Method: processing time
Original script: 0.85s
cut instead of awk: 0.71s
anubhava's method: 0.18s
chthonicdaemon's method: 0.01s

标签： bash shell sed

7条回答

祖国的老花朵

2楼-- · 2020-02-12 08:31

You can cut down unnecessary awk invocations and use BASH to break name-value pairs:

while IFS='|' read -r old new; do
   # echo "$old :: $new"
   sed -i "s~$old~$new~g" file
done < replacement_list

IFS='|' will give enable read to populate name-value in 2 different shell variables old and new.

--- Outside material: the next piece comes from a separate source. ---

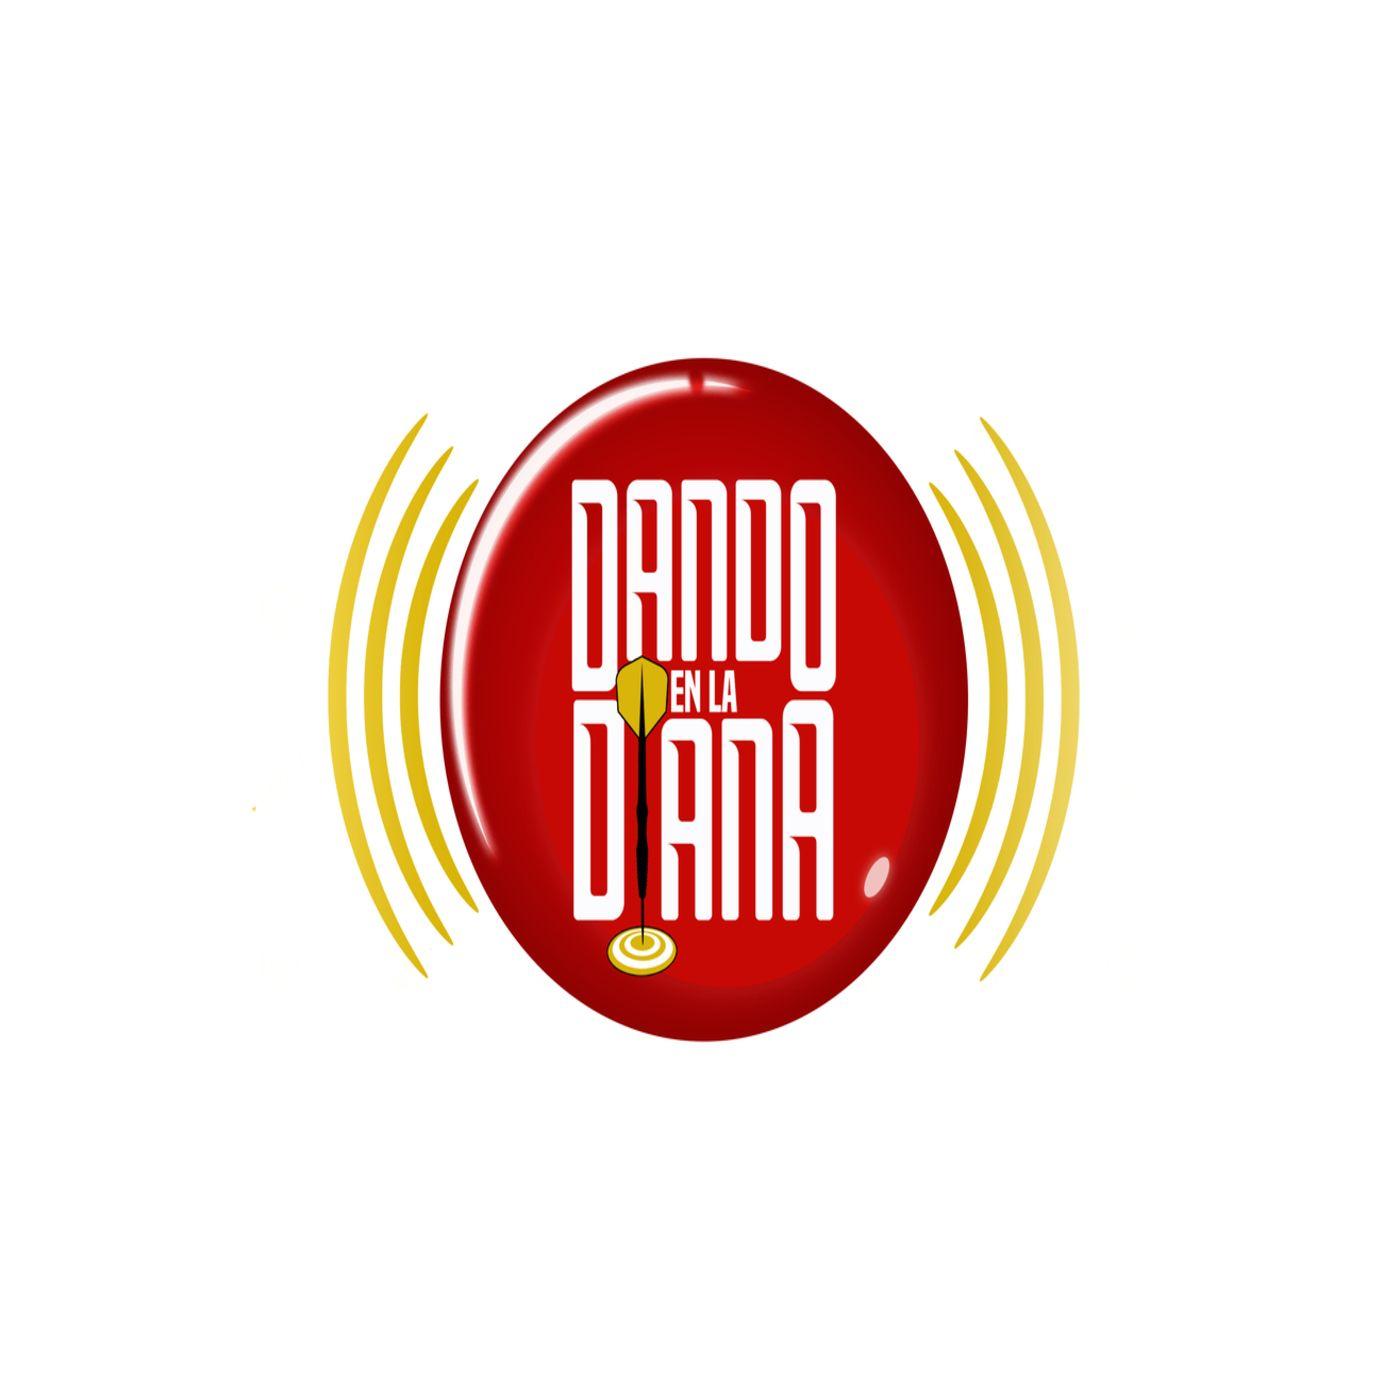 Dando en la Diana - Episodio 79 - 17 Diciembre 2020 - Lando Reyes / Eileen Glass

This is assuming ~ is not present in your name-value pairs. If that is not the case then feel free to use an alternate sed delimiter.

0人赞添加讨论(0) 举报

Evening l夕情丶

3楼-- · 2020-02-12 08:31

Here is what I would try:

store your sed search-replace pair in a Bash array like ;
build your sed command based on this array using parameter expansion
run command.

patterns=(
  old new
  tobereplaced replacement
)
pattern_count=${#patterns[*]} # number of pattern
sedArgs=() # will hold the list of sed arguments

for (( i=0 ; i<$pattern_count ; i=i+2 )); do # don't need to loop on the replacement…
  search=${patterns[i]};
  replace=${patterns[i+1]}; # … here we got the replacement part
  sedArgs+=" -e s/$search/$replace/g"
done
sed ${sedArgs[@]} file

This result in this command:

sed -e s/old/new/g -e s/tobereplaced/replacement/g file

0人赞添加讨论(0) 举报

Deceive 欺骗

4楼-- · 2020-02-12 08:38

I recently benchmarked various string replacement methods, among them a custom program, sed -e, perl -lnpe and an probably not that widely known MySQL command line utility, replace. replace being optimized for string replacements was almost an order of magnitude faster than sed. The results looked something like this (slowest first):

custom program > sed > LANG=C sed > perl > LANG=C perl > replace

If you want performance, use replace. To have it available on your system, you'll need to install some MySQL distribution, though.

From replace.c:

Replace strings in textfile

This program replaces strings in files or from stdin to stdout. It accepts a list of from-string/to-string pairs and replaces each occurrence of a from-string with the corresponding to-string. The first occurrence of a found string is matched. If there is more than one possibility for the string to replace, longer matches are preferred before shorter matches.

...

The programs make a DFA-state-machine of the strings and the speed isn't dependent on the count of replace-strings (only of the number of replaces). A line is assumed ending with \n or \0. There are no limit exept memory on length of strings.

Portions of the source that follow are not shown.